I felt horribly guilty about denying her all that intimacy for such a long period, and wanted to make it up to her by increasing frequency even though by that point I operating more from guilt than desire. And when my wife was in the mood, I wasn’t.

Now here we are, 12 years married, four kids (two with various behavioral issues, a baby and a teenager) and the homework and activities that each of them have, her in a stressful job and I attempting to start a new career, we barely have time to talk to each other much less have regular sex. Neither of us initiate much anymore because we’re either too tired to ask or the other is too tired to give. I think we’ve had sex around eight times in the past year. And again it’s driven a wedge between us.

This is something we both understand and are working on. We’re trying to spend more time together away from the kids, amongst other things. We both know that we “want-to-want” more sex than we do at the moment. We’ve talked about trying to schedule sex again, but are afraid that—like before—sex will become something to check off the to-do list than an expression of love and intimacy.

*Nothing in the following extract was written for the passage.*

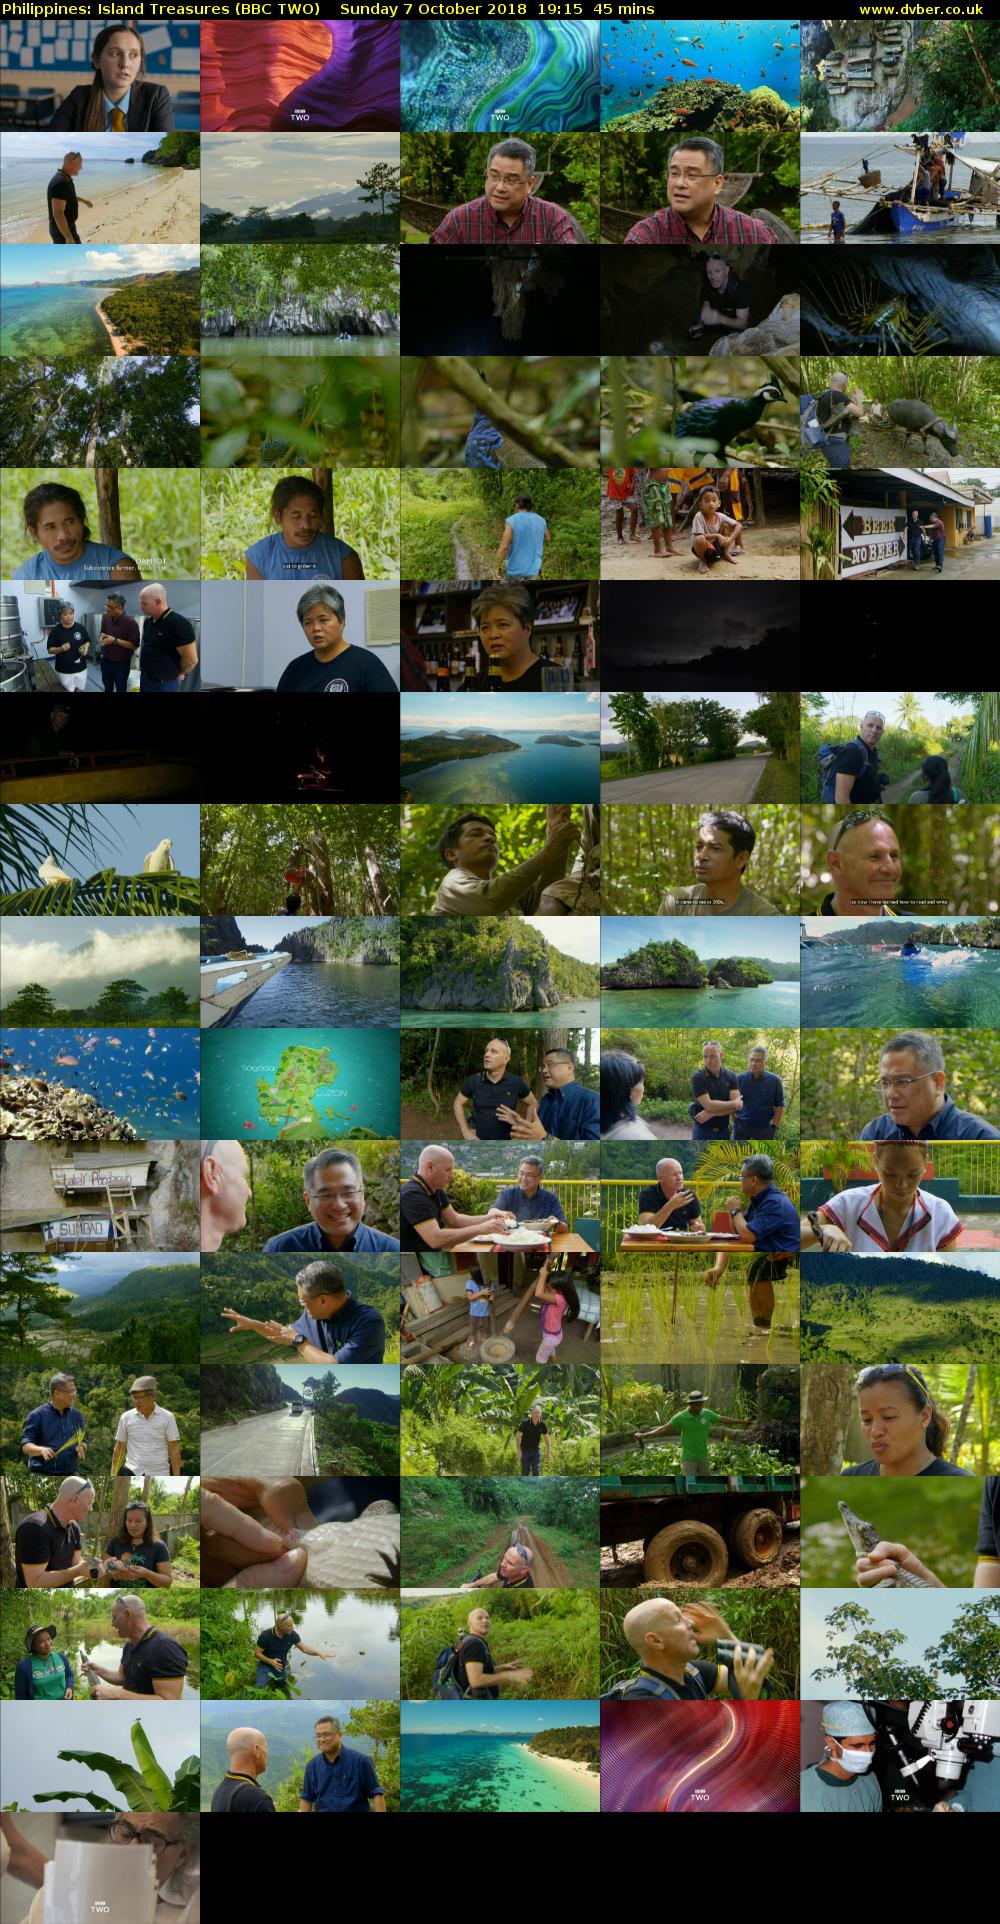 Philippines: Island Treasures (BBC TWO) Sunday 7 October 2018 19:15 - 20:00

So I bring our plight to the TAM community. Does anyone have any methods or systems to increase the frequency of sex without making it seem like an obligation to either partner?


----------



## Fozzy (Jul 20, 2013)

I need to be first to respond, just based on your avatar.

I think this is fixable. You both recognize the issue and you both want to fix it, but you don't know how. Just having both of you on board to want to fix it is more than half the battle.

Would you say (for either of you) that you just don't have the internal drive, or would you say it's more of a matter that you're actively turned OFF from the other?


----------



## Faithful Wife (Oct 31, 2012)

Thank you for opening up Dr. Rockstar. It is good for people to hear from an LD man because it is always assumed that all men are raving horn dogs, but that is just not true. Men and women can be either high or low drive.

I'm HD and for myself, scheduling sex doesn't make it any more or less fun! It just makes it more likely to happen! Many times we schedule it in the morning for later that evening and it works out great.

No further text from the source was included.